Humans long have tried to develop theories that predict the behavior of
nations and its outcomes. It's perhaps the most important question to ask,
with the survival, prosperity, and freedom of billions at stake. But it's a
very difficult model to build, based on billions of human decisions and many
other factors, including geography.

One well-established theory (though I don't know how popular among experts
currently) is that geography, including climate, ultimately is a powerful
factor determining the fate of nations. For example, a nation without arable
land inevitably will have a small population and everything that follows from
that: A small economy, a weak military, etc. Some real-world examples:
Probably the biggest factor in Britain's survival in WWII was that they had a
body of water between them and the German army; if they had switched
geographies with the French, the results would have been much different. The
U.S.'s WWII success and eventual post-war primacy was mostly because oceans
separated the country from its enemies, providing an unmolested homeland,
economy and manufacturing of war goods. The geography of Ukraine is easily
traversed by large armies, leading to Russia being invaded through Ukraine
many times over history (Napoleon and the Nazis come to mind); that is a big
reason they want to control Ukraine. Russia's lack of access to the
Mediterranean and Atlantic has greatly limited their naval power and thus
their influence in Europe; that's why they care so much about Crimea and
Syria, where they have naval bases with access to the Mediterranean. China's
land borders are the Himalayas, other mountains and deserts, and poor areas
such as Central Asia and Siberia; thus their trade is highly dependent on sea
routes, resulting in their current actions to control the South China Sea.
Overall, the regions of influence China tries to claim now is the same as when
the Qing dynasty was ascendant in the 17th and 18th centuries - everything
else changes, but geography stays the same.

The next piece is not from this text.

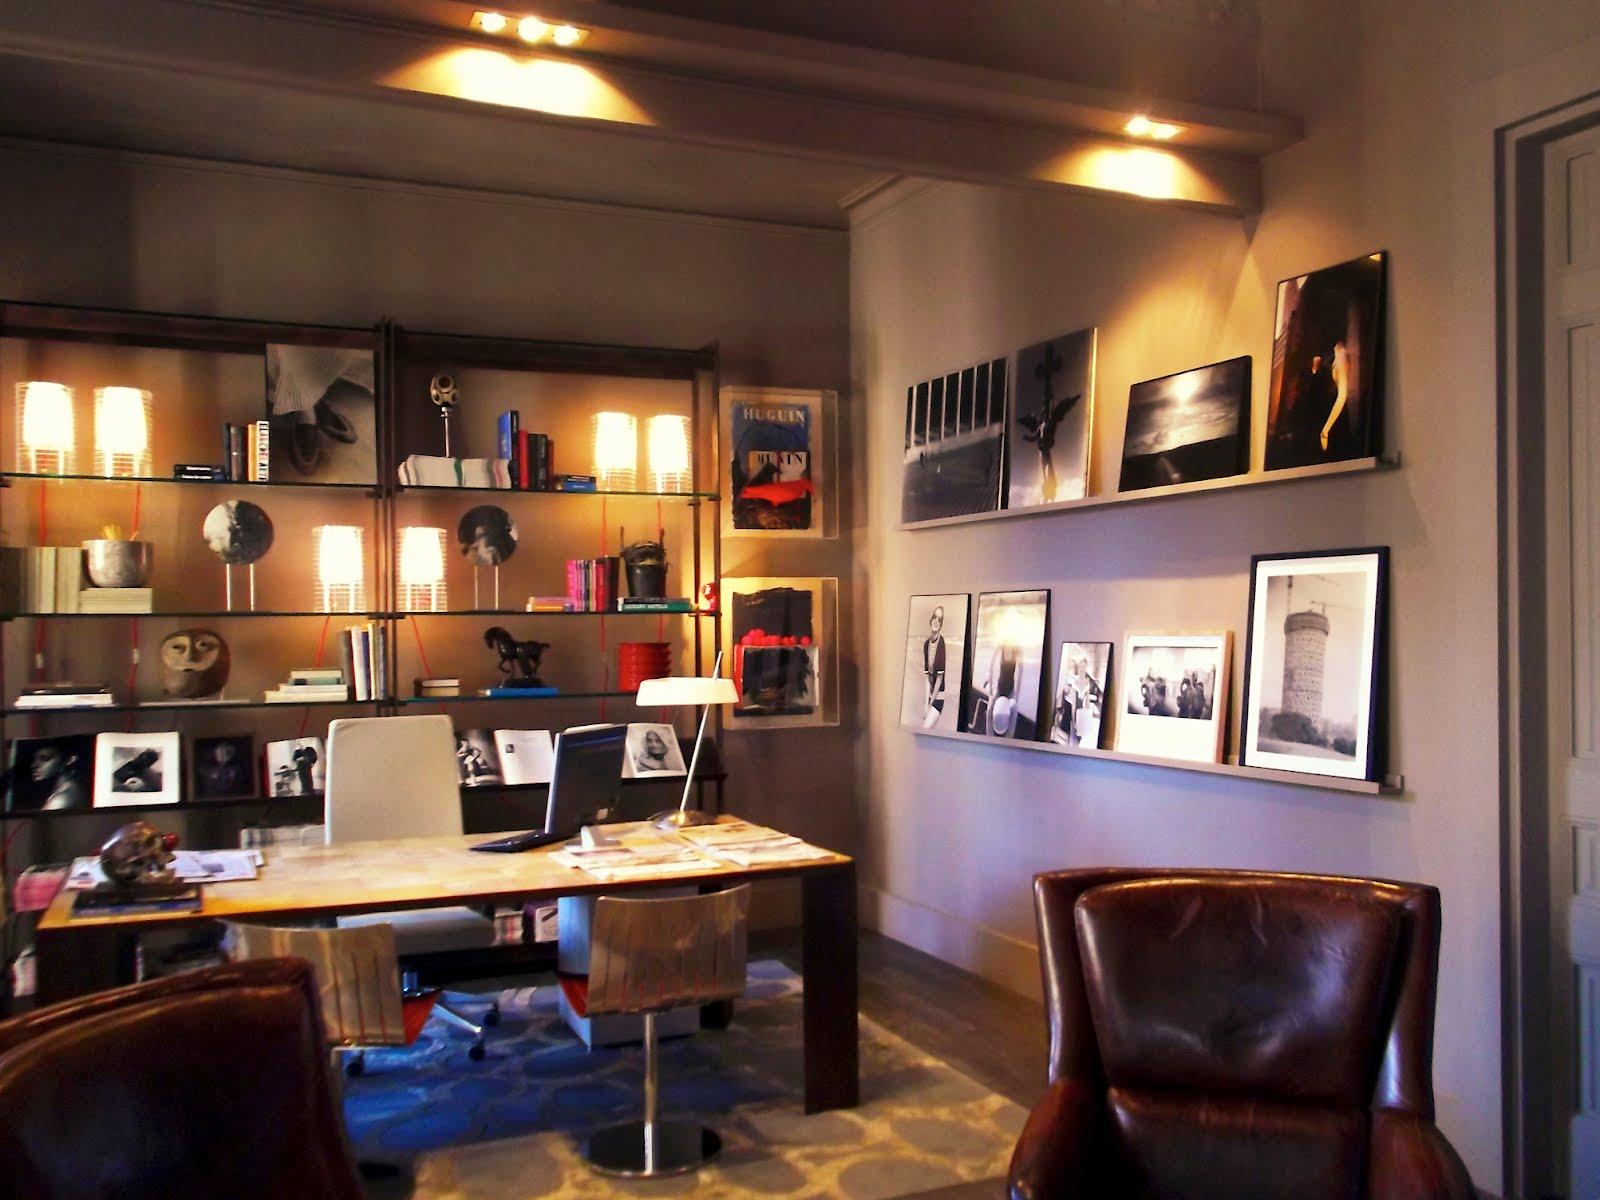 Xito de ricardo miras en casa decor blog arquitectura y - Decoracion despacho casa ...

Wrote one historian: _If time is the locomotion of history, place could be the
gradient against which it is pitted. Dynamic, the one hurtles forward; inert,
the other holds it back._ [1]

How these issues play out is another matter. China could resolve it's South
China Sea concerns via multilateral agreements, or through military
aggression. Also, there are other theories, including realism and
constructivism.

\----

[1] John Keay, in India: A History. Keay is not a credentialed academic
historian but has written respected surveys of history; I don't know how well
his theory ultimately holds water, but it's the best expression of the issue
I've seen.

------
danbruc
Power is probably one of the worst things in human society. Power is the
ability to shift matters away from equality, from equilibriums, the ability to
fuck others over for ones selfish benefits. Power is worth nothing except you
use it in inherently unethical ways. It's the same everywhere,
internationally, nationally or within companies. No country should have more
power than the power to defend its borders. Everything else can be solved in a
better way without resorting to power.

------
smoyer
I'm not sure that we should feel the need for this kind of imperialism in the
21st century. We can certainly "defend our borders" militarily, but wouldn't
it be wise to make sure our economy can be sustained regardless of the actions
of other countries?

I think another take-away is that we should be transporting more goods by rail
and water. The decline of our railways has helped the oil companies but has
resulted in a huge number of truck-car deaths at the same time it's increased
transportation costs. We should move more towards using trucking only for
local deliveries.